Problem description: Only the lines from the one that includes "featured image - Vào" through the last line below belong in the reply, copied exactly and without pictures.

---- Material provided

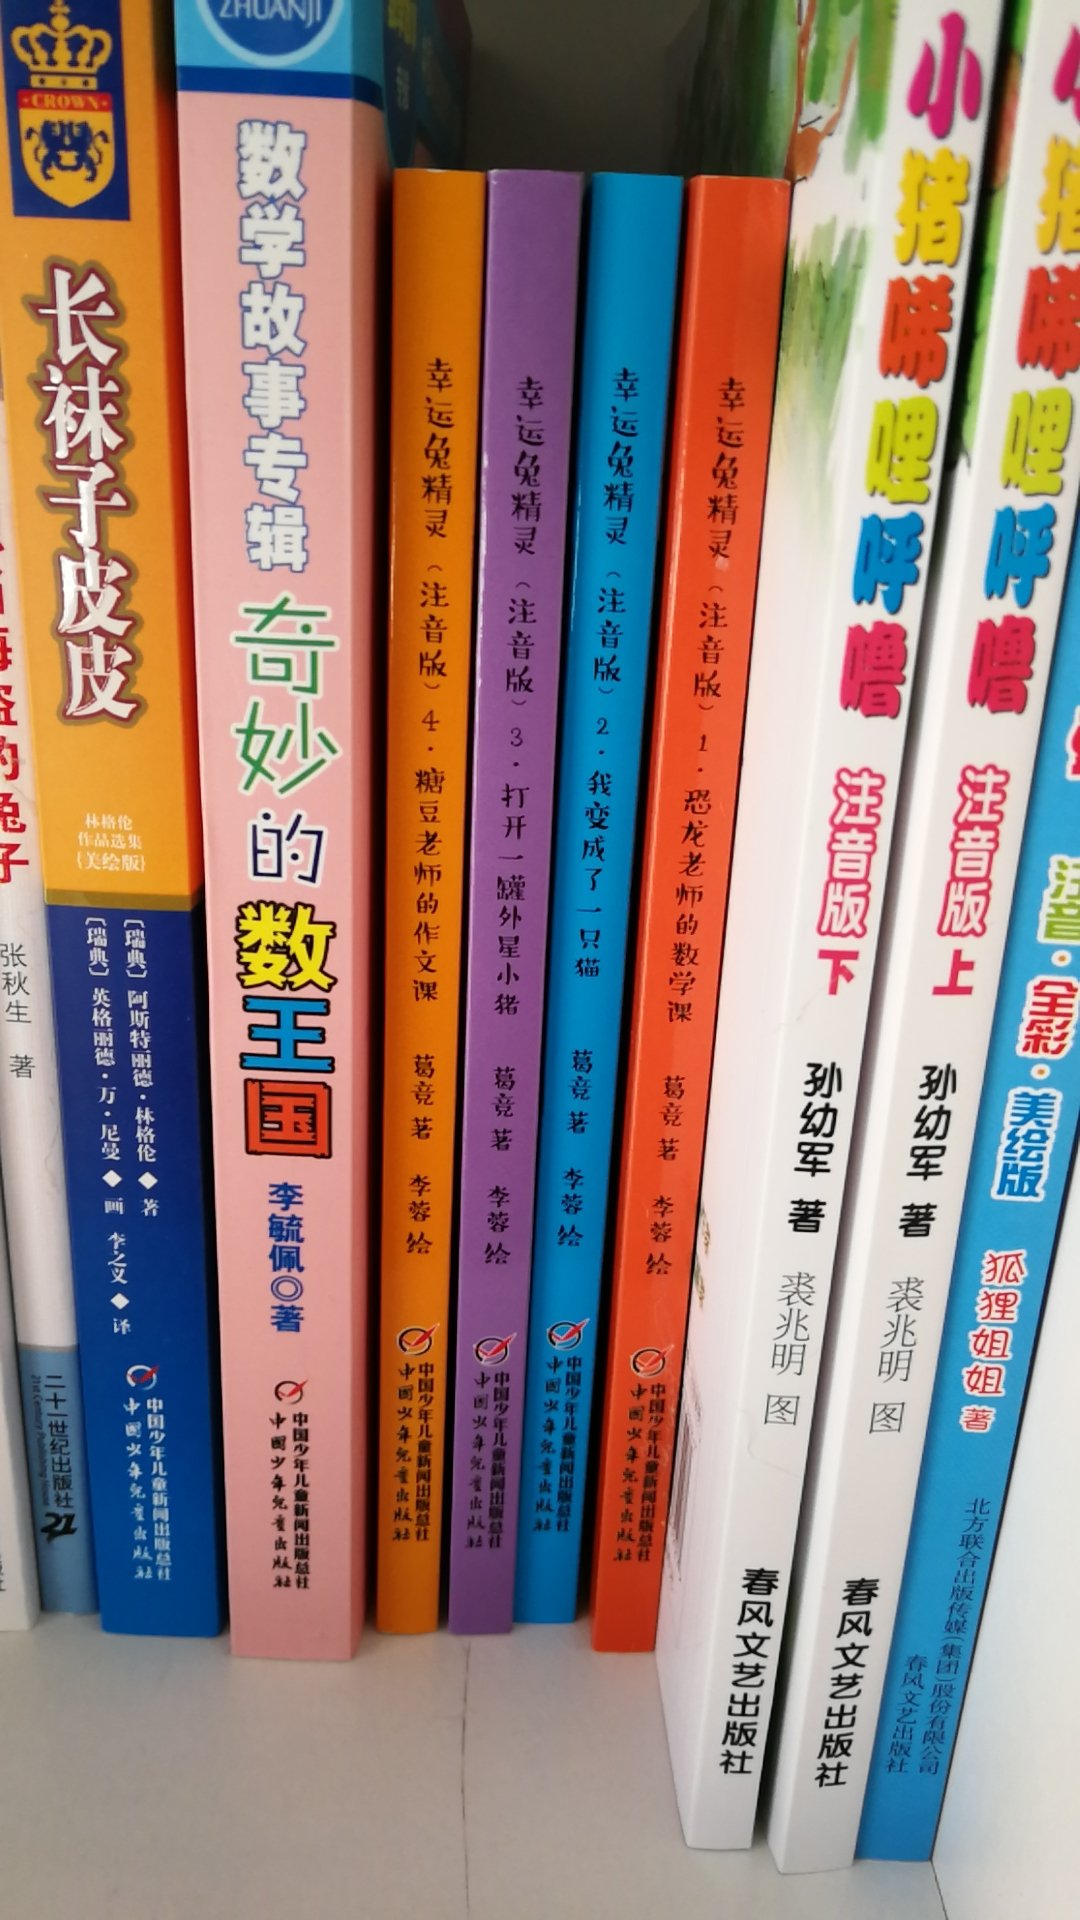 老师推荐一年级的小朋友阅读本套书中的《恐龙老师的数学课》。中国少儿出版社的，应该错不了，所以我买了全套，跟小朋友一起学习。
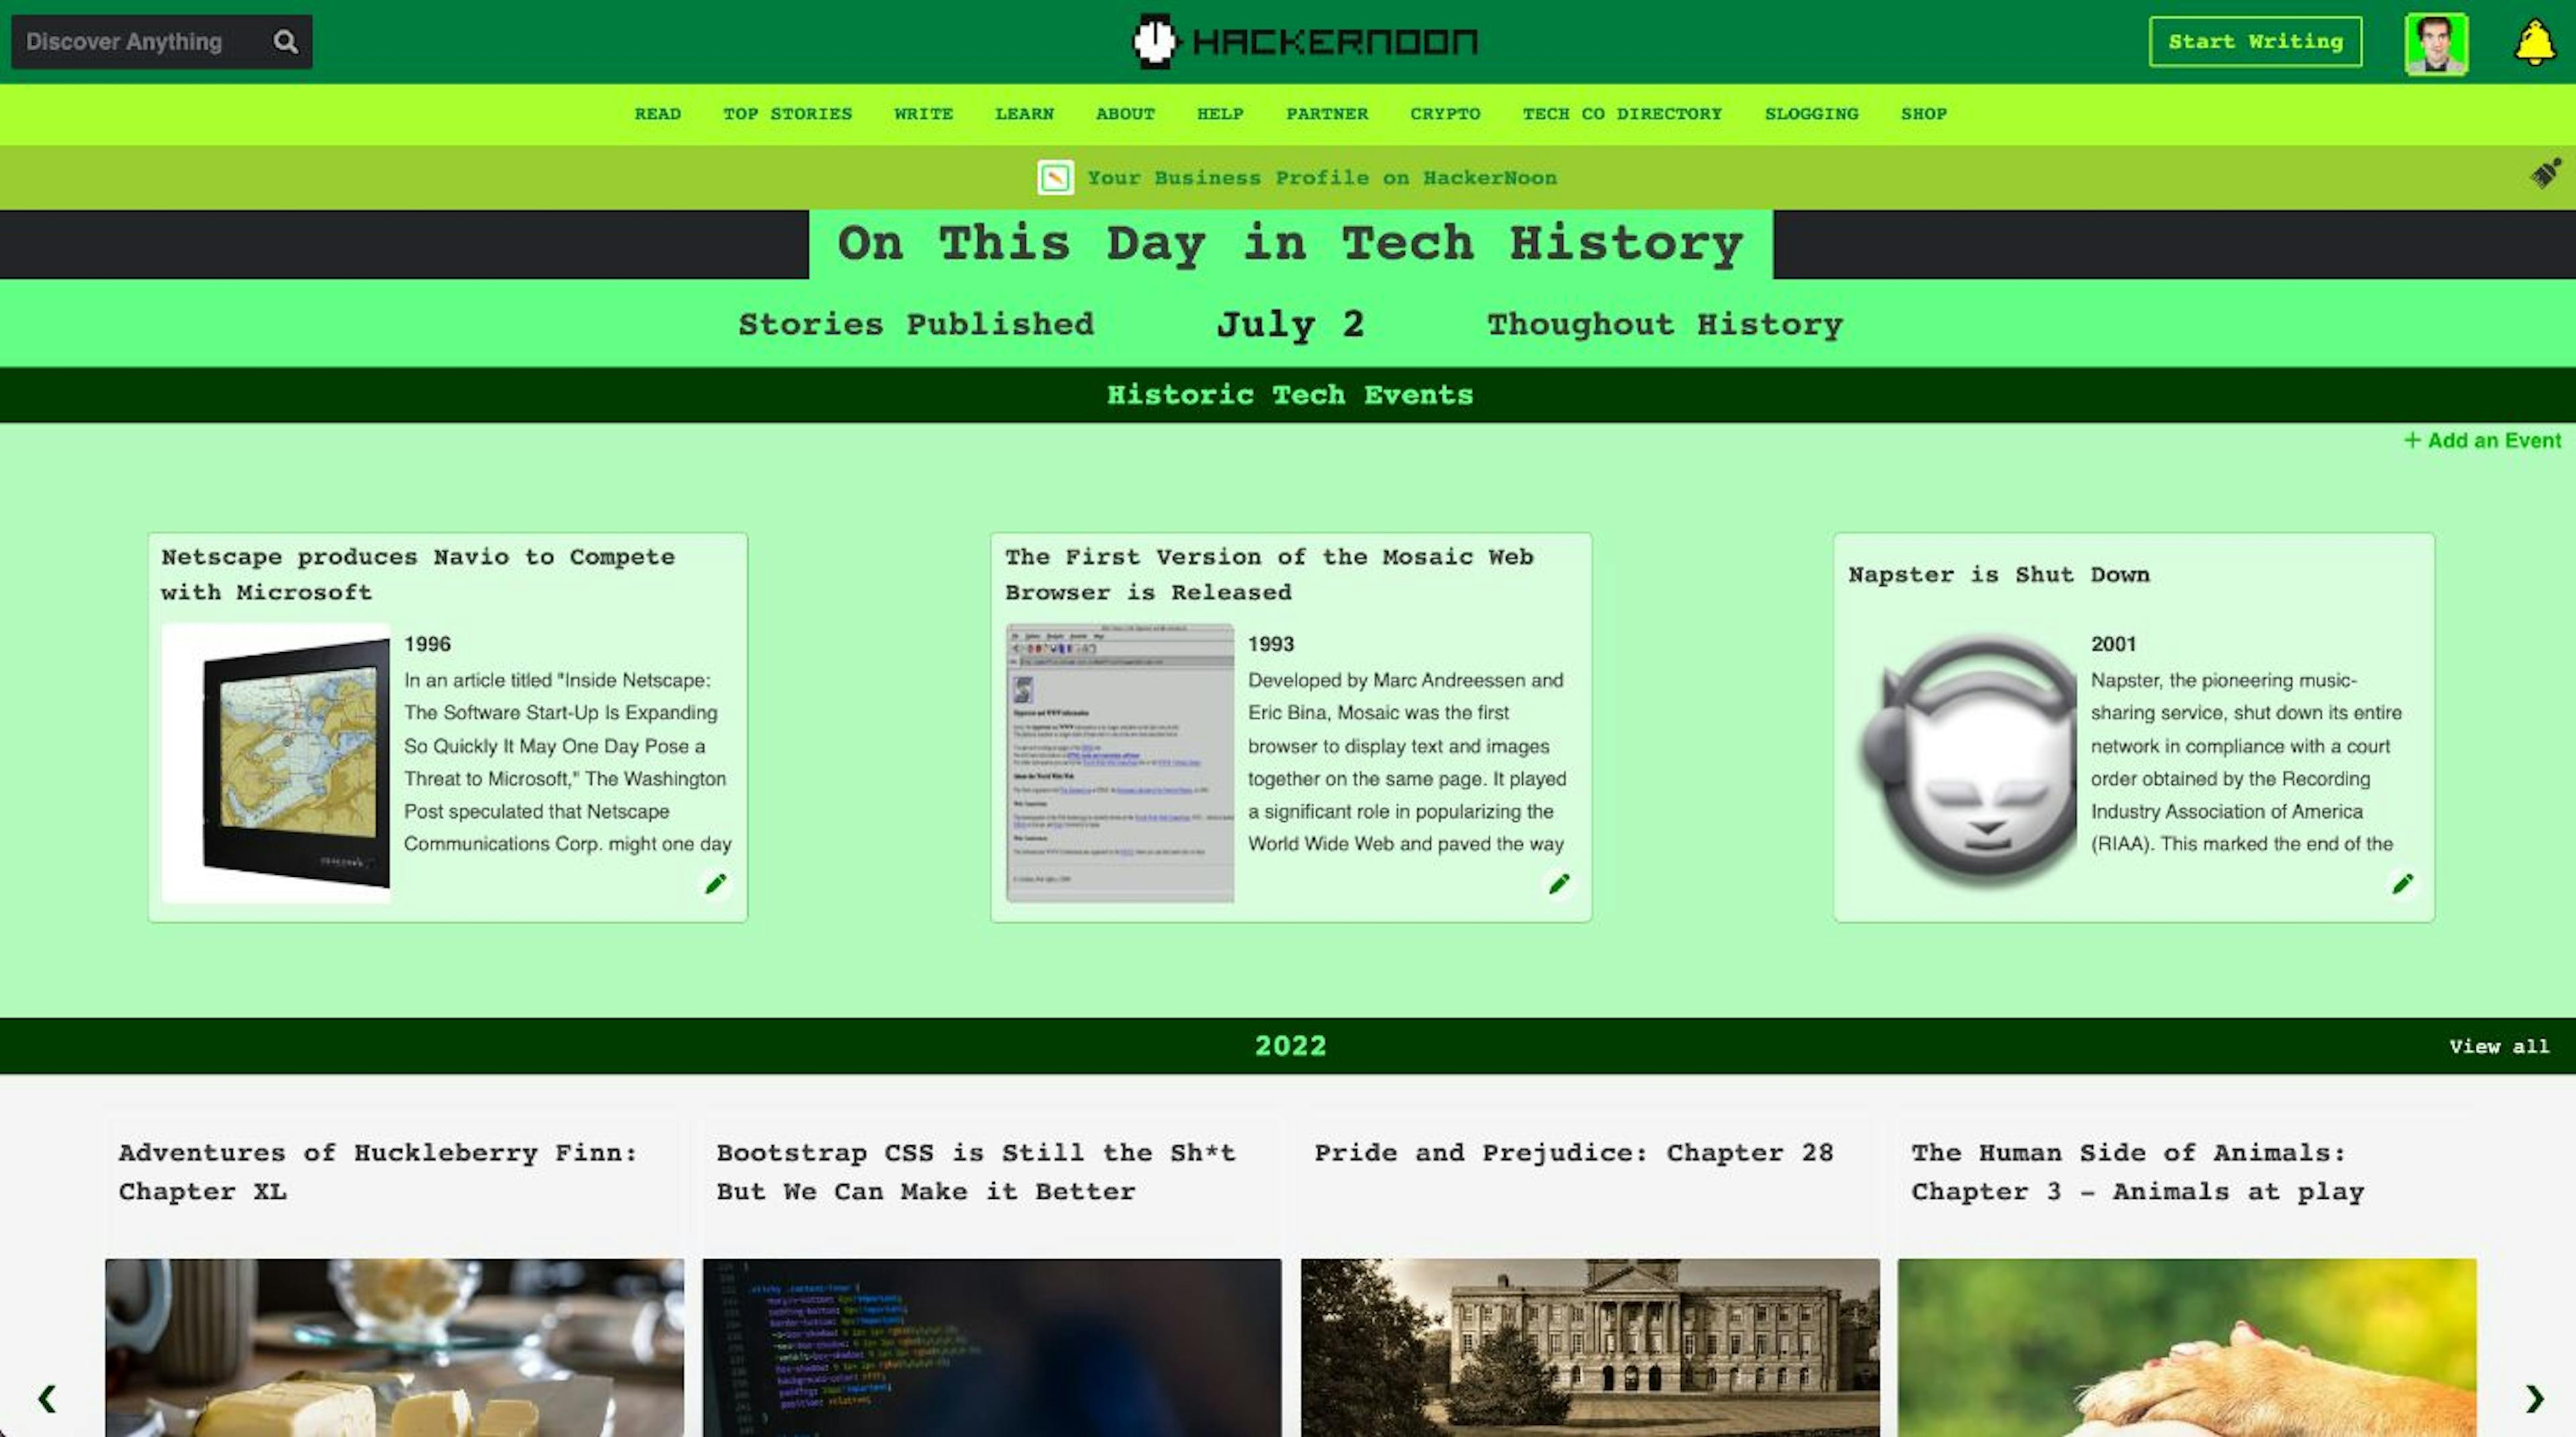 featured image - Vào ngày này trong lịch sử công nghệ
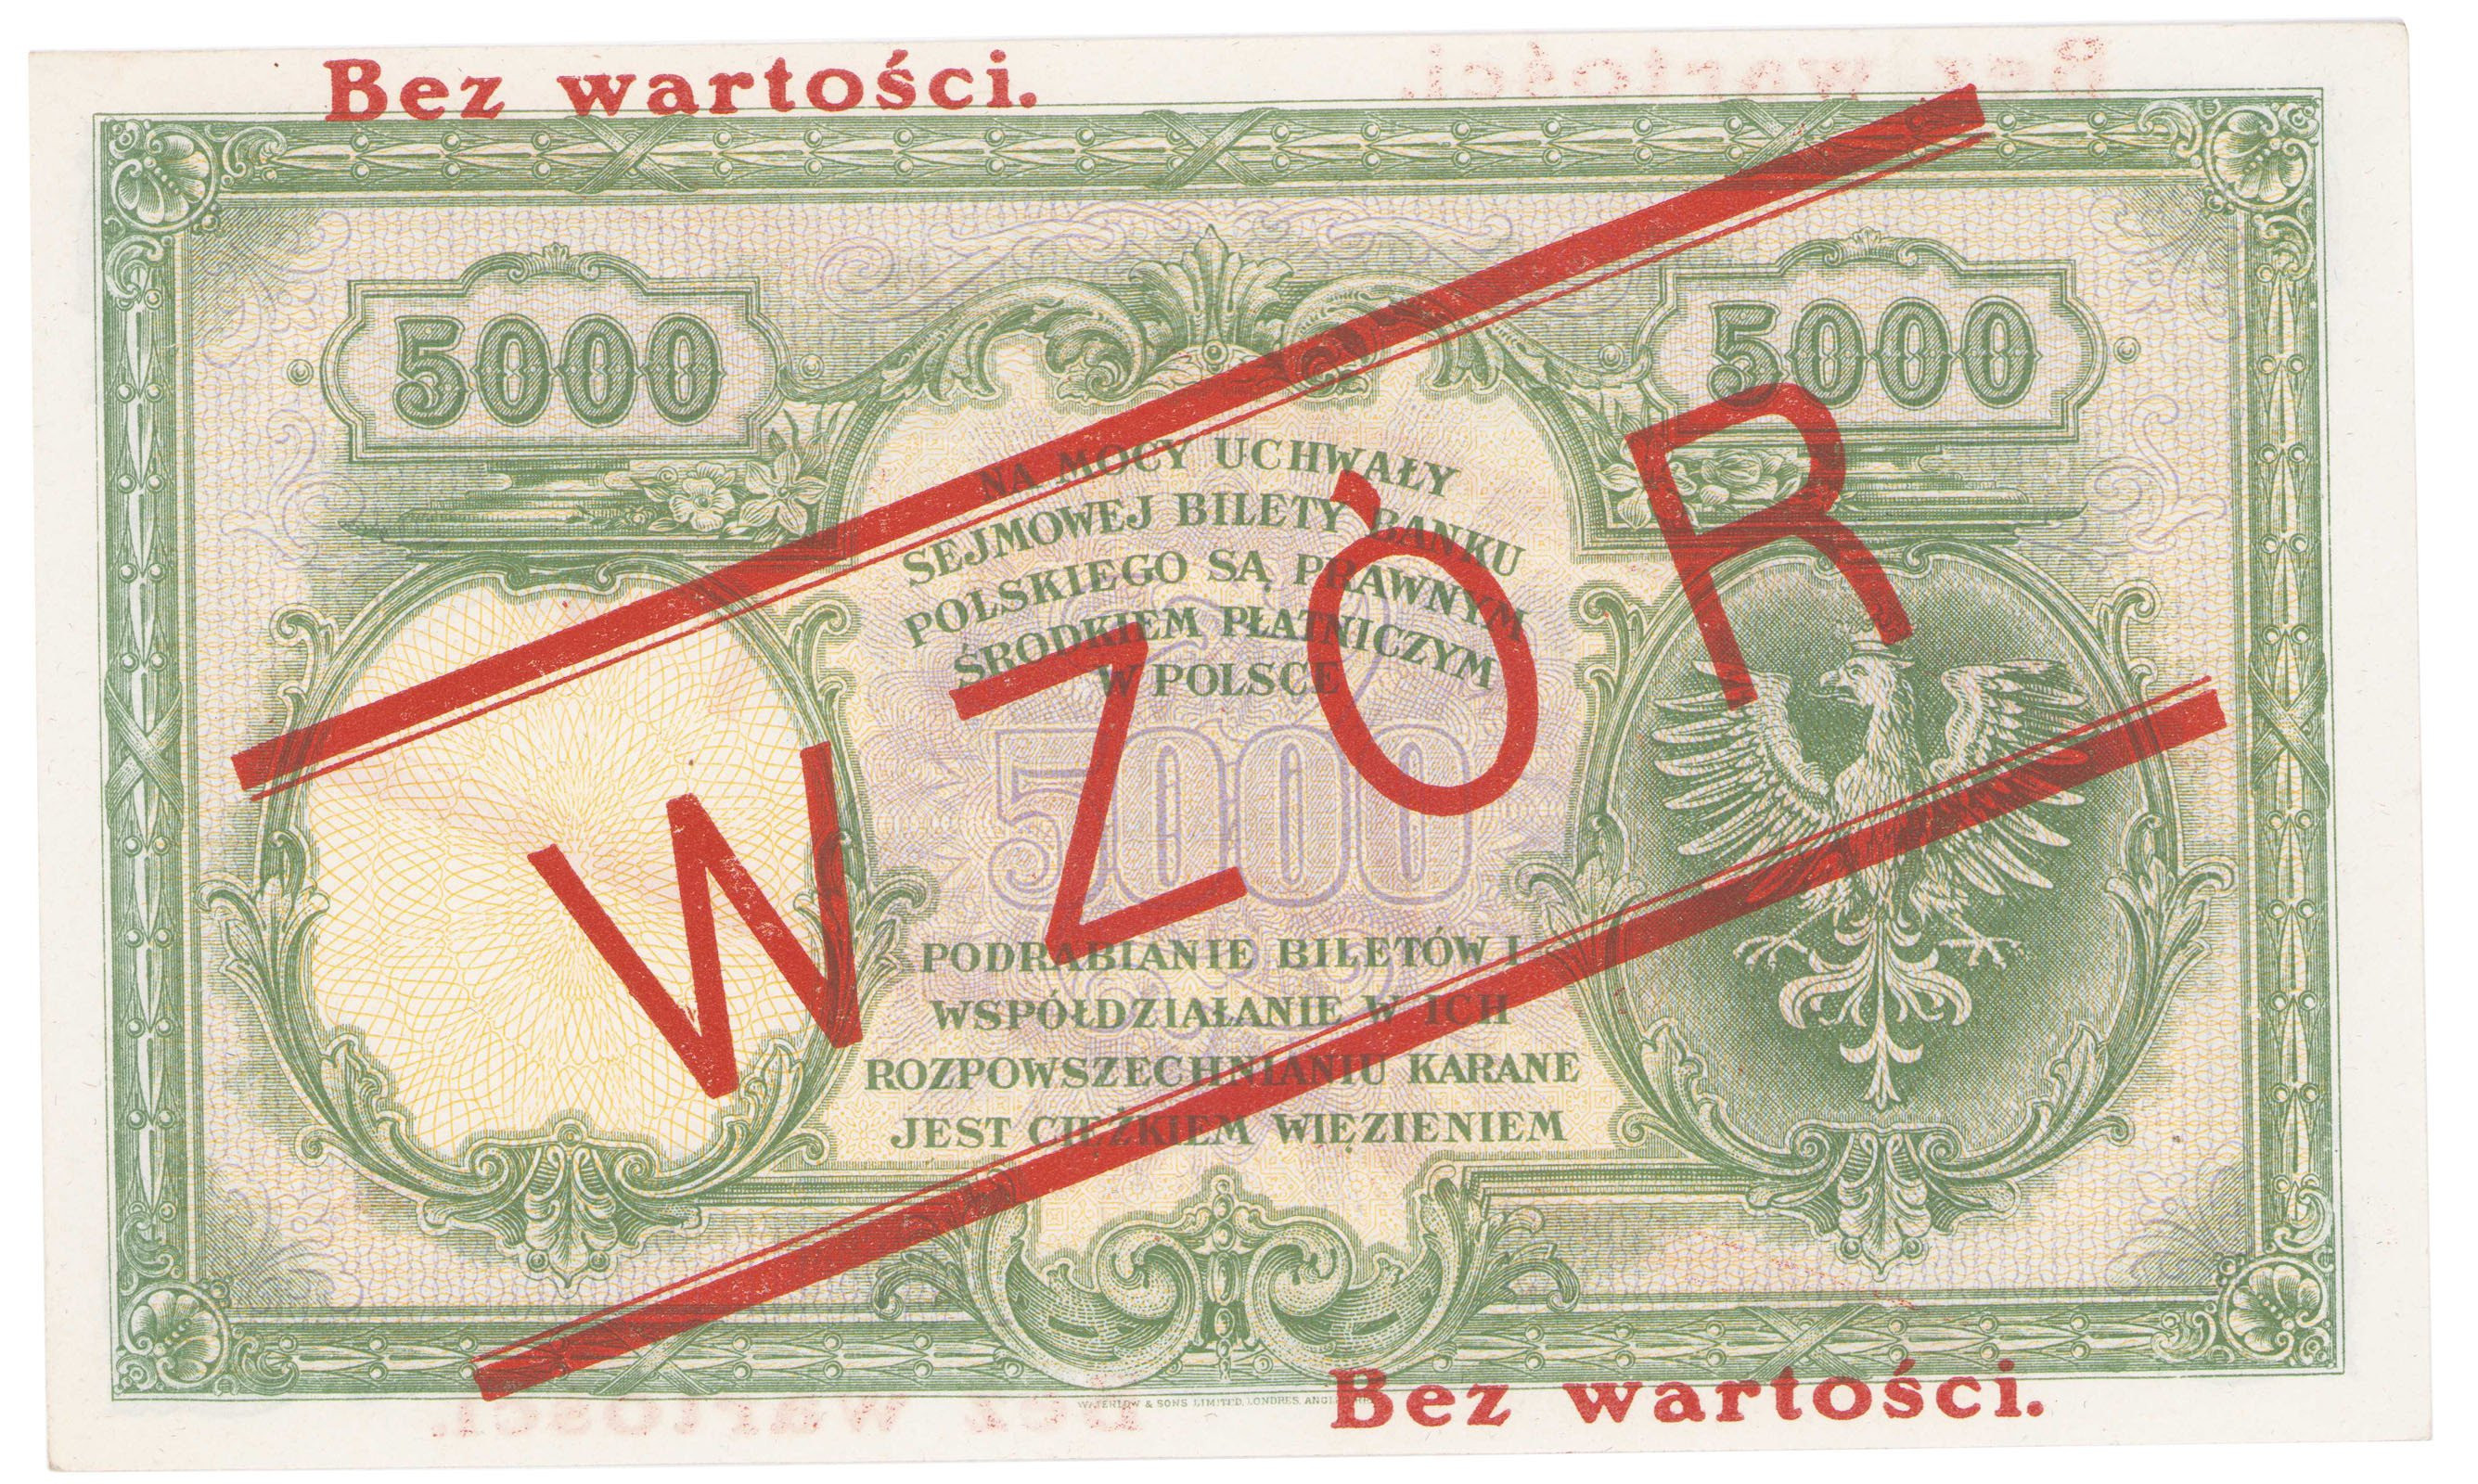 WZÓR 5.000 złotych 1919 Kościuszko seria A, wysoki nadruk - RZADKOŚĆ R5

--------

Exercise result:
 featured image - Vào ngày này trong lịch sử công nghệ
 WZÓR 5.000 złotych 1919 Kościuszko seria A, wysoki nadruk - RZADKOŚĆ R5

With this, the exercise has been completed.